И те мыслители, что объединились в 1910 г. вокруг журнала «Путь» (Н. Бердяев, Е. Трубецкой, П. Флоренский, В. Эрн), в поисках воплощения «русской идеи», и те, что сплотились вокруг «Логоса» (Г. Шпет, Ф. Степун, А. Белый) под знаменем экуменизма и духовного единения народов, во многом следовали заветам Вл. Соловьева, приняв, как и он, вызов Ницше. Их пророческая устремленность вела их к принятию революции, которая виделась многим — от Горького до Блока — как «рождение трагедии из духа музыки», как временное торжество дионисийского хаоса над аполлонической красотой и упорядоченностью во имя дальнейшего гармонического слияния обоих начал.
За год до Октября, в разгар мировой войны, Бердяев с эскапистской упоенностью писал: «Заратустра проповедует творчество, а не счастье он зовет к подъему на горы, а не к блаженству на равнине… Ницше почуял, как никто еще и никогда на протяжении всей истории, творческое призвание человека, которого не сознавала ни антропология святоотеческая, ни антропология гуманистическая.
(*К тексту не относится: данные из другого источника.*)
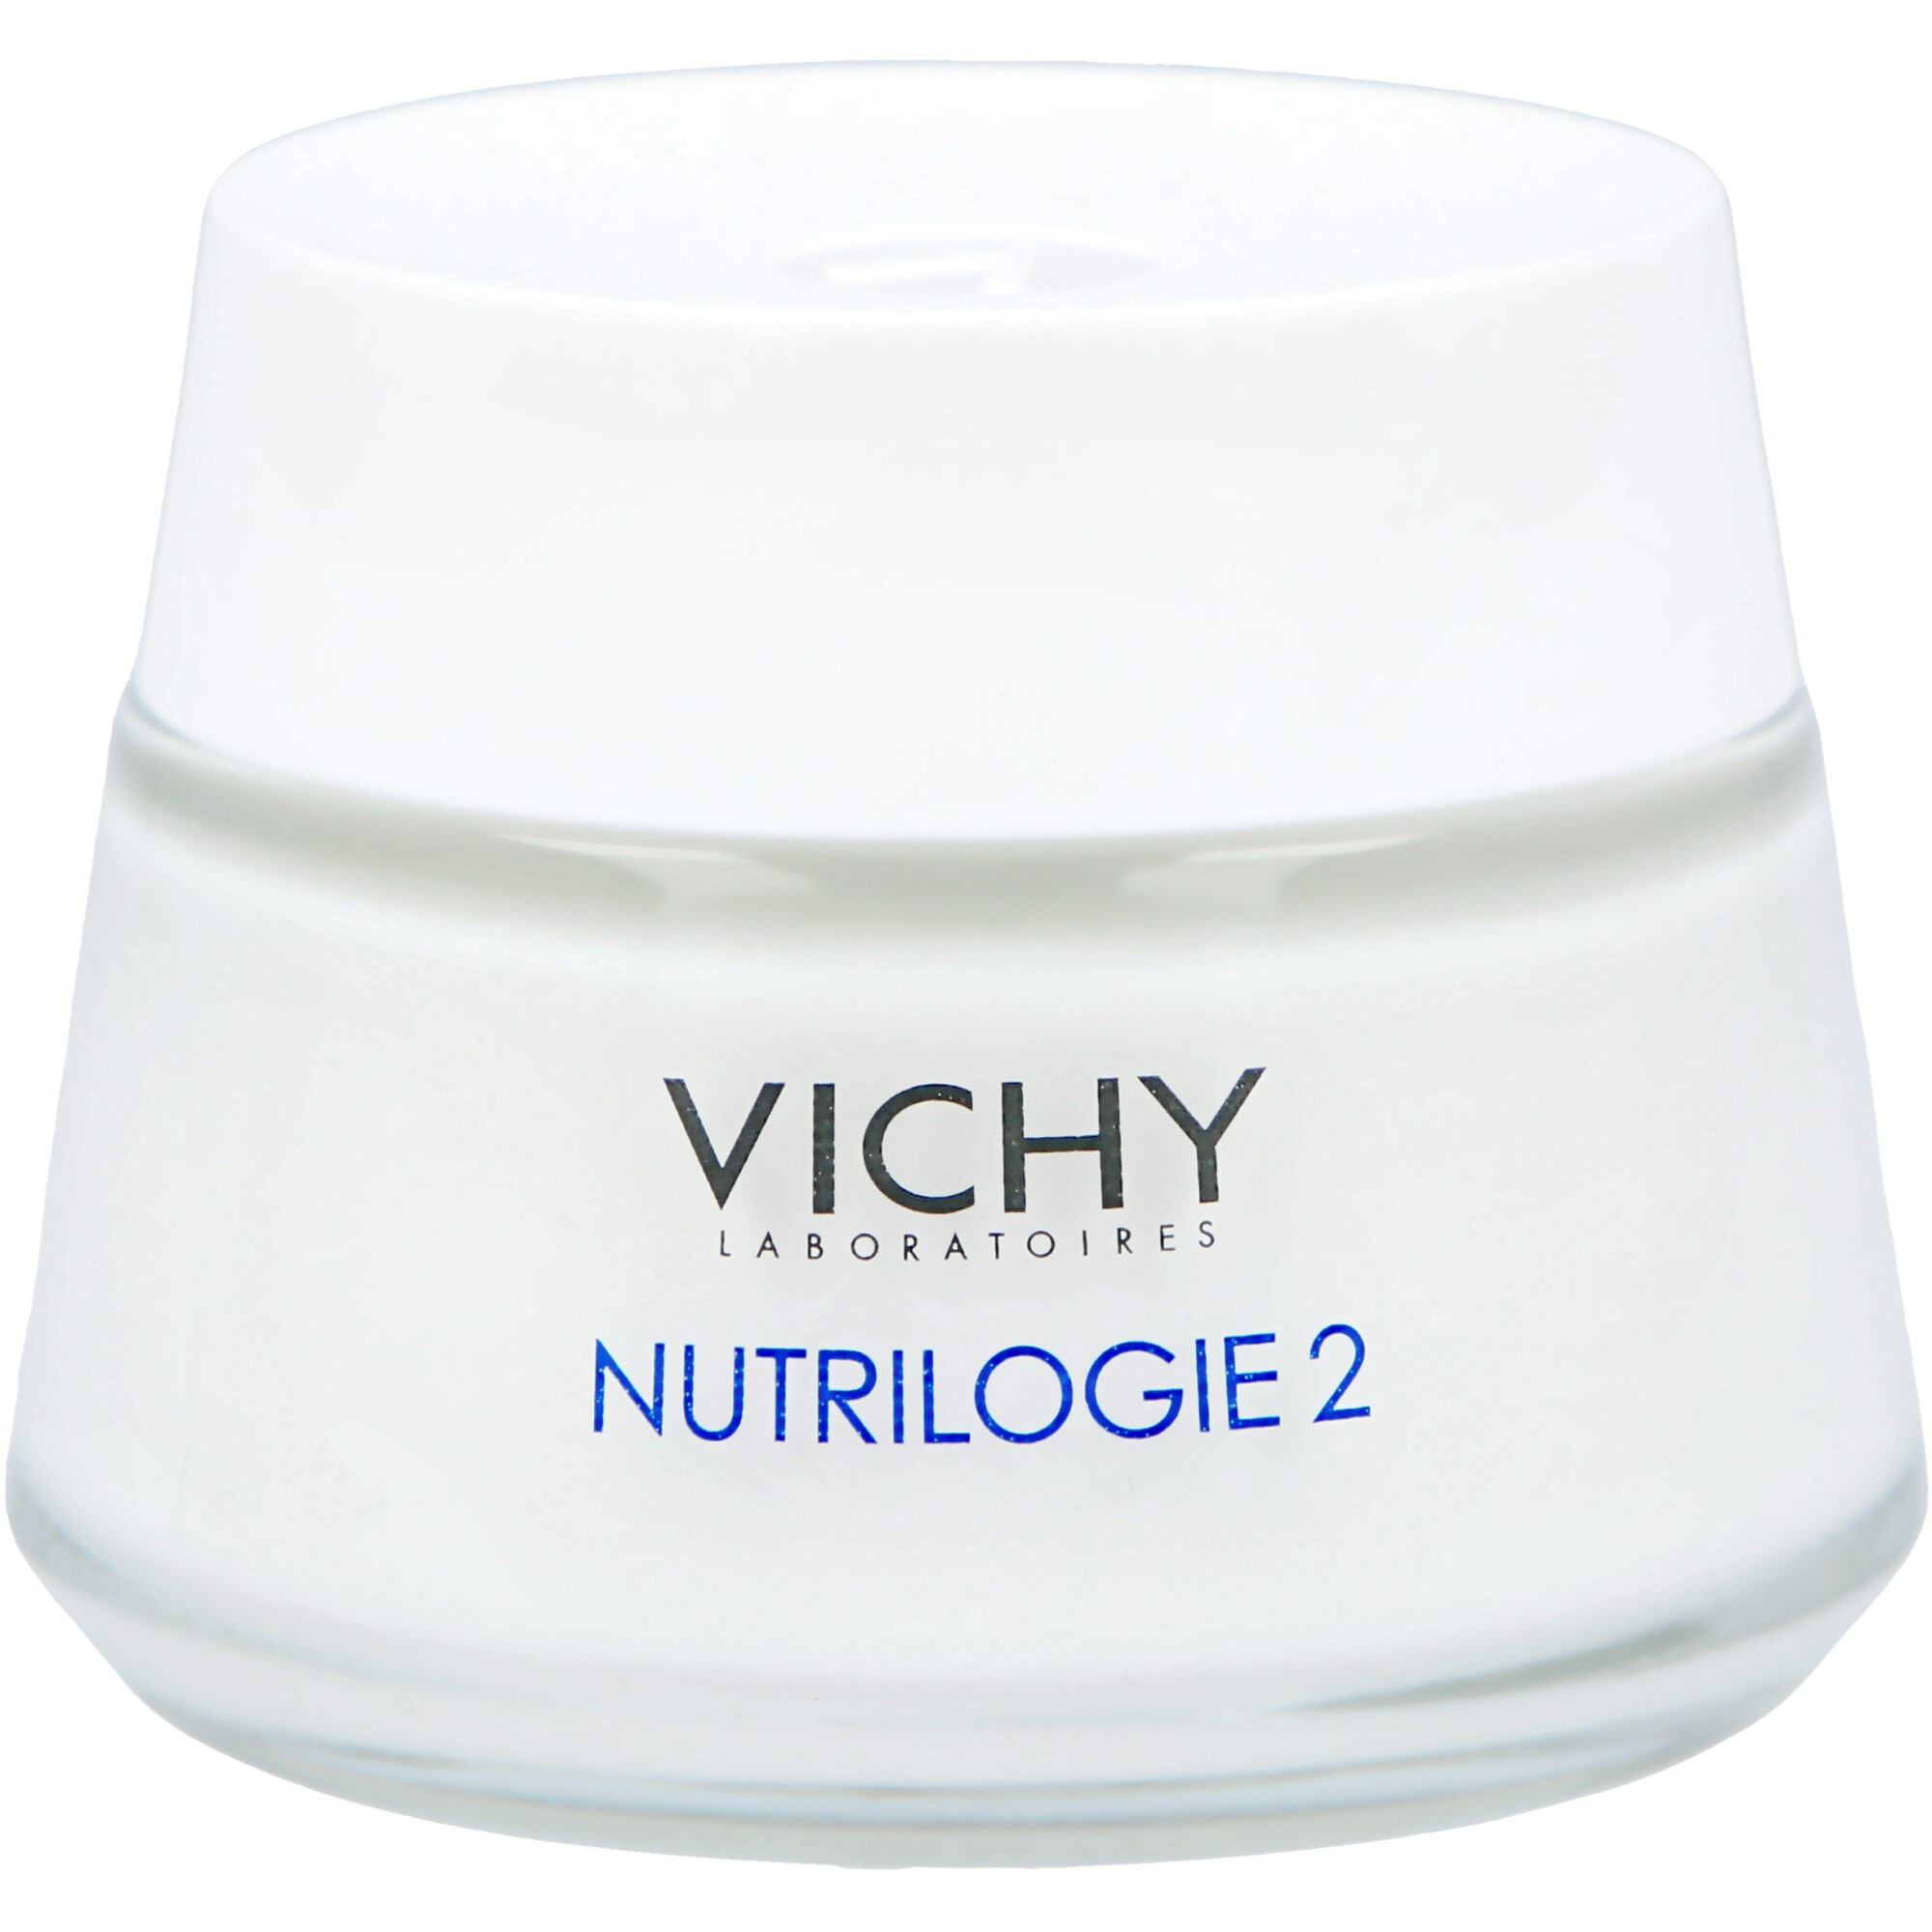 Bilde av Vichy Nutrilogie 2 Face Cream 50 Ml

Он проклял добрых и справедливых за то, что они ненавидят творящих. Муку Ницше мы должны разделить, она насквозь религиозна» (‹34>, с. 323). Без сомнения, в «годину гнева» соблазн почувствовать себя духовидцем Заратустрой, стоящим на вершине горы, над схваткой, был велик.
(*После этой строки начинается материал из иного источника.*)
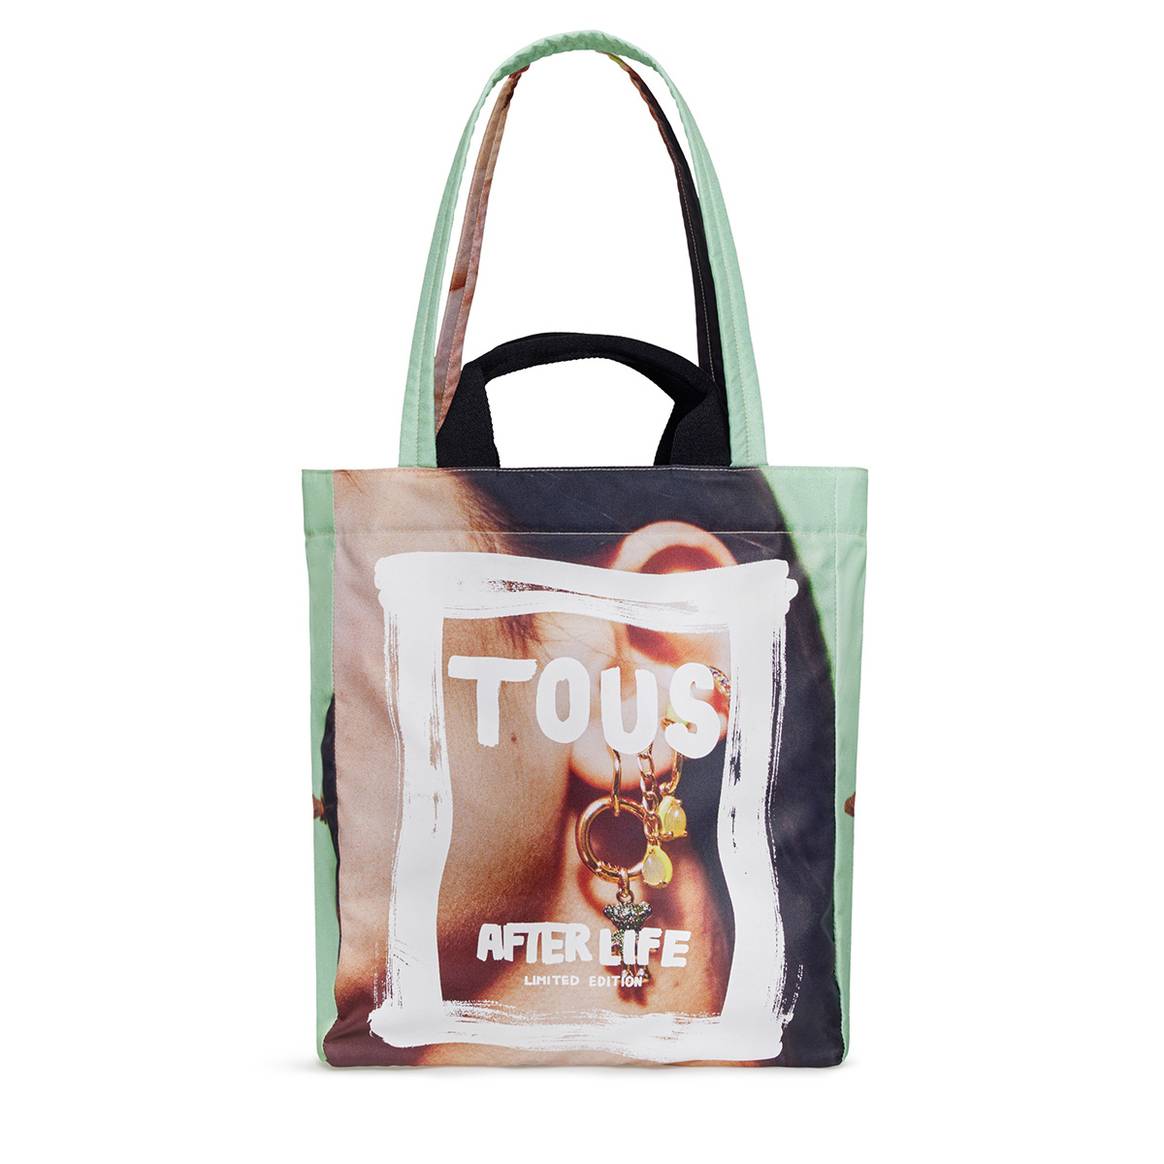 Diseño de bolso de la colección “Tous Afterlife” confeccionada a partir de lonas y de elementos de campañas publicitarias de Tous.

Понятое по-разному, адаптированное и, возможно, искаженное ницшеанство сыграло роковую роль в судьбах как России, так и Германии с небольшим промежутком во времени. Если в Германии патетический образ Сверхчеловека был истолкован в примитивно расовом ключе, то в России истолкованный усложненно Сверхчеловек, ассоциируемый с Богочеловеком, явился идеалом революционного профетизма, символом грядущего за социальным взрывом духовного обновления. Вл. Соловьев, как мы сейчас понимаем, в конечном счете был мудрее, дальновиднее и даже прагматичнее Ницше, который едва ли мог предвидеть практические результаты своей доктрины, воплощенной в жизнь на огромных территориях Европы и Азии. Сам того не желая, немецкий философ, для которого «Бог умер», действительно выступил в роли Антихриста, раскинувшего перед народами сети соблазна и пленившего миллионы душ.
Владимир Соловьев
Вл. Соловьев, предупреждавший о возможности такого исхода, о страшной опасности ницшеанского искуса для России и всей западной цивилизации, выиграл спор в теории, но… проиграл на деле. Если бы Соловьев прожил дольше, не исключено, что он смог бы придать своему Богочеловеку более реальные черты и сформулировать те необходимые пророчества, которые помогли бы мятущейся русской интеллигенции найти верные ориентиры в «море смут», но он умер почти одновременно с Ницше. В России преклонявшиеся перед гением Соловьева литераторы и мыслители склонны были воспринимать его жизнь и смерть в сравнении с Ницше, хотя их противостояние, казалось бы, должно было исключать подобные аналогии: «…Согласимся, что если Вл. Соловьев действительно — предтеча Новой церкви, то не тем, что он говорил и жил как мудрец, а тем, что молчал и „умер как безумец“ — замечает Мережковский. — <…> Вот за что мы любим его, вот, чем он близок нам, — во всяком случае ближе, чем остроумный и красноречивый философ, — этот безумный и безмолвный пророк» (‹131>, с. 467).
* * *
Владимир Соловьев сумел дать ответы на многие роковые вопросы современности, но его работам, видимо, не хватало экспрессивного эффекта, сравнимого с импульсом от образов Ницше. Тем не менее он был пророк милостью Божьей и он же впервые отметил склонность к «пророчеству» как родовое качество русской литературы. Он проследил профетическую линию российской словесности от Пушкина, Белинского и Гоголя вплоть до Достоевского, который говорил о пророческом призвании Пушкина в своей речи 1880 г. Если его предшественники апеллировали к библейским пророкам опосредованно, через скрытые цитаты, реминисценции и аллюзии, то Соловьев пошел гораздо дальше. Почувствовав и осознав невероятную силу профетического слова, он в начале 80-х гг. со всей серьезностью обратился к изучению древнееврейского языка ради того, чтобы читать Тору в оригинале, а много лет спустя на смертном одре декламировал псалмы на иврите. Очевидно, интерес к предмету пробудило в нем знакомство с Каббалой, которое совпало с его поездкой в Англию (1875 г.) и путешествие на Восток, в Египет, сопровождавшееся чудесным явлением Софии.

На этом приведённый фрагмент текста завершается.